» **TASK DETAILS**:
Each line of the listing, apart from the pictures, is to be printed exactly.

» **DATA SECTION**:
= = =

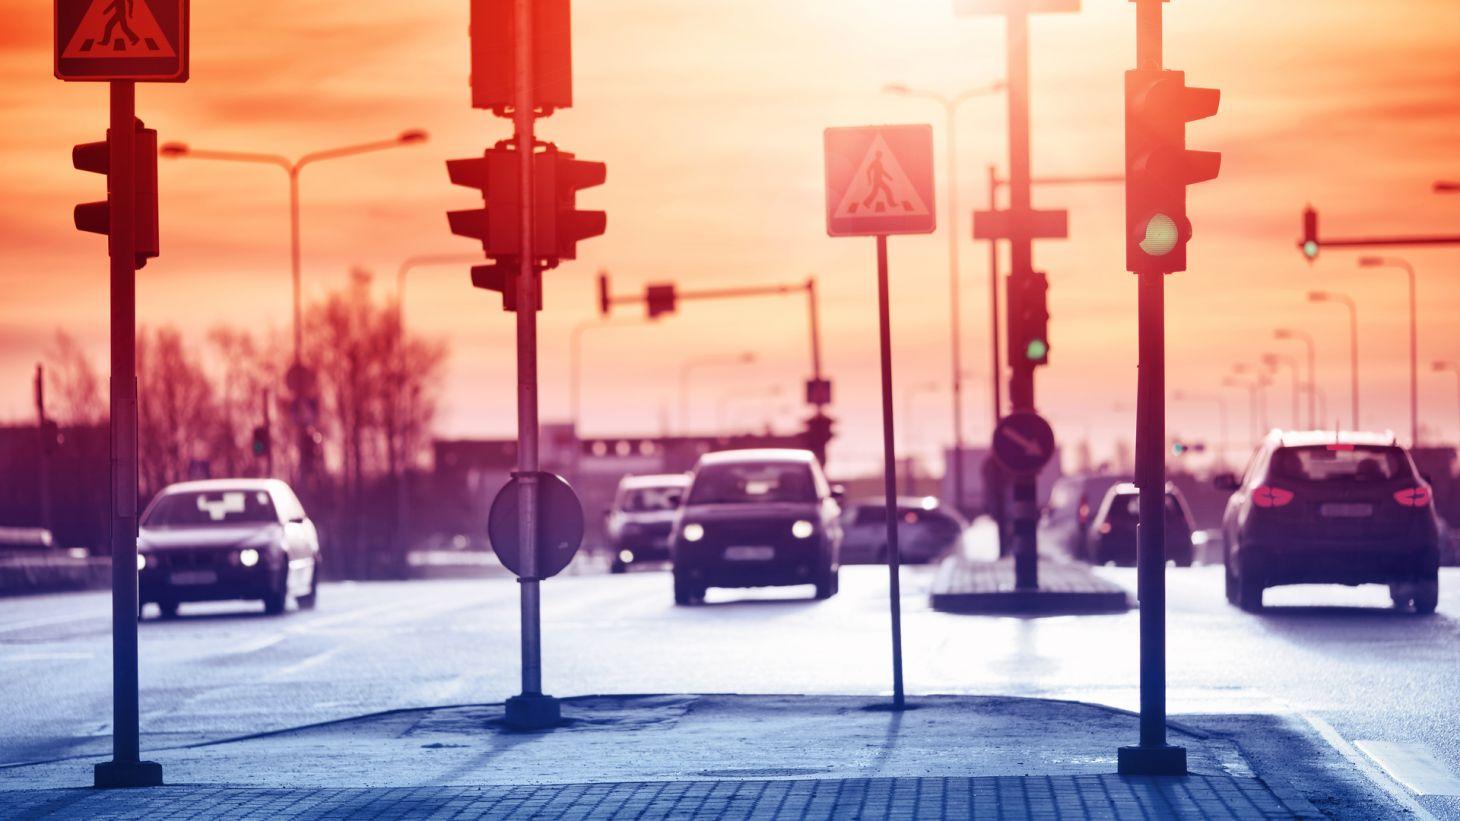 rua via avenida trafego transito carros automoveis semaforos sinais calcada
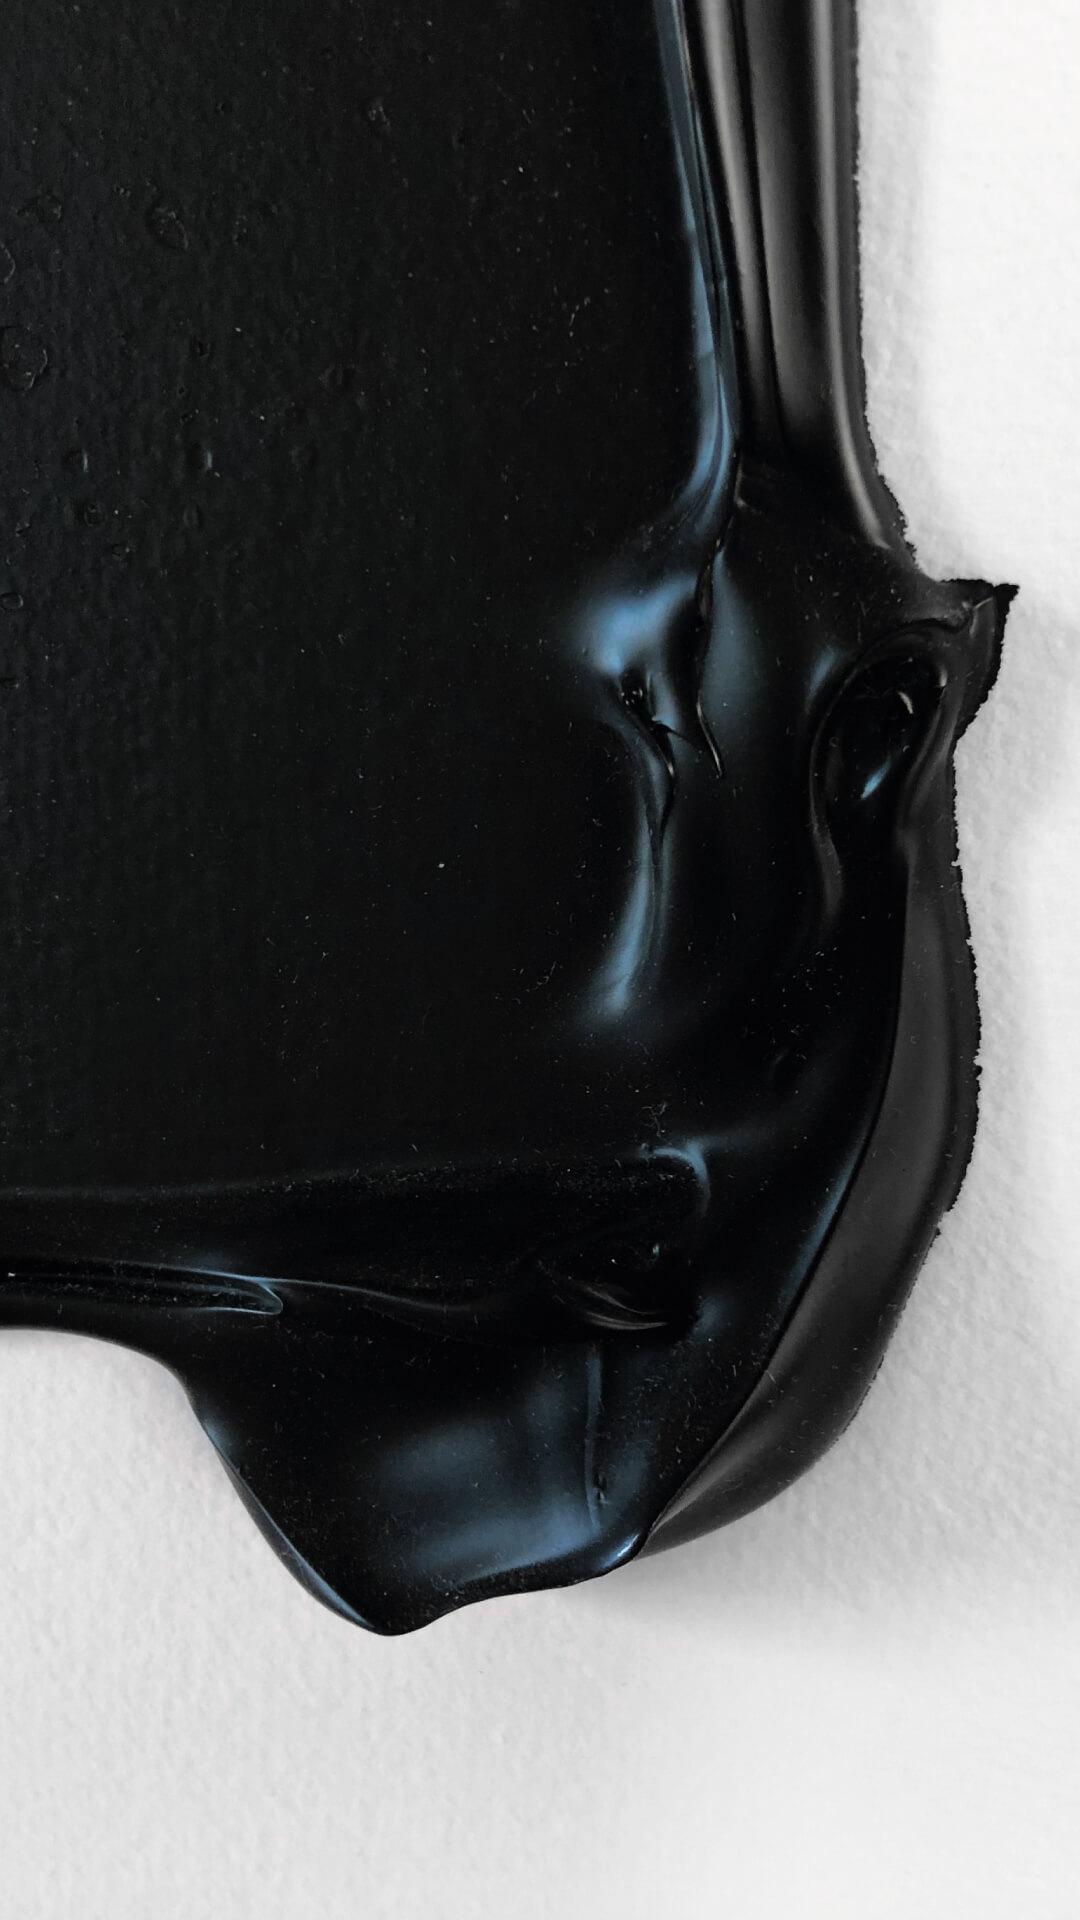 15-ENCONTREMONOS-AARON-NACHTAILER-ART-ARTIST-VERTICAL
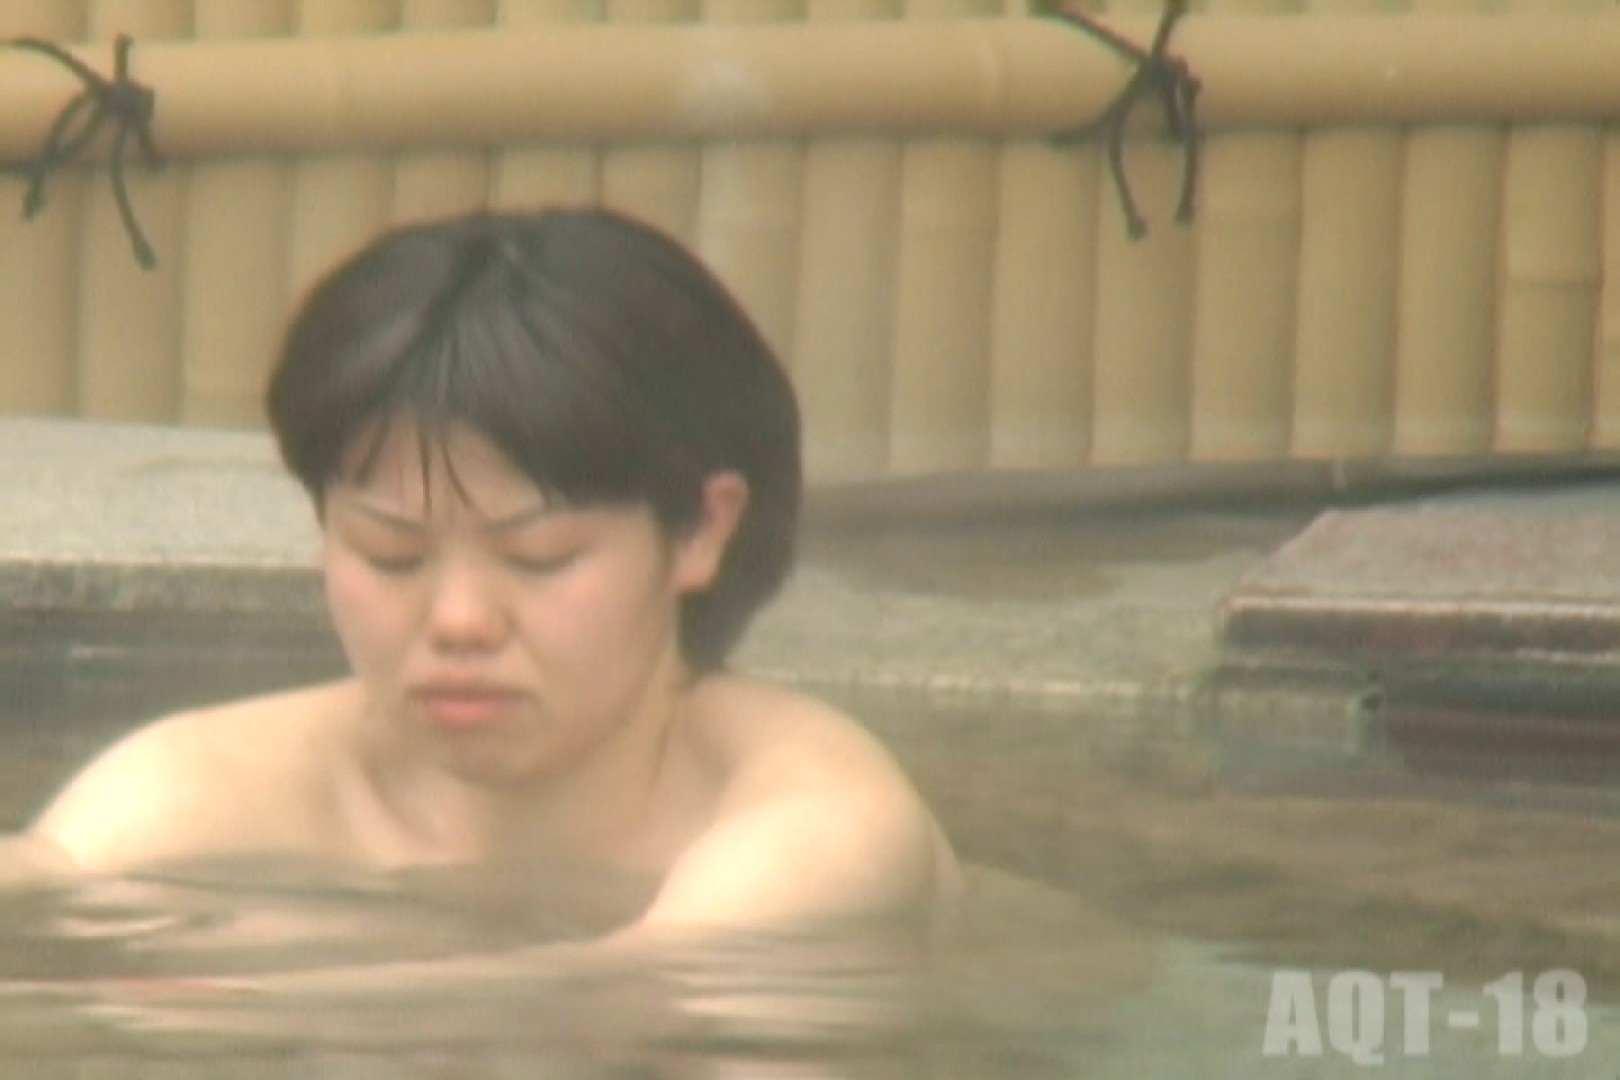 Aquaな露天風呂Vol.861 露天風呂 オメコ無修正動画無料 107連発 68

= = =

» **SOLVED PROBLEM**:
 rua via avenida trafego transito carros automoveis semaforos sinais calcada
 15-ENCONTREMONOS-AARON-NACHTAILER-ART-ARTIST-VERTICAL
 Aquaな露天風呂Vol.861 露天風呂 オメコ無修正動画無料 107連発 68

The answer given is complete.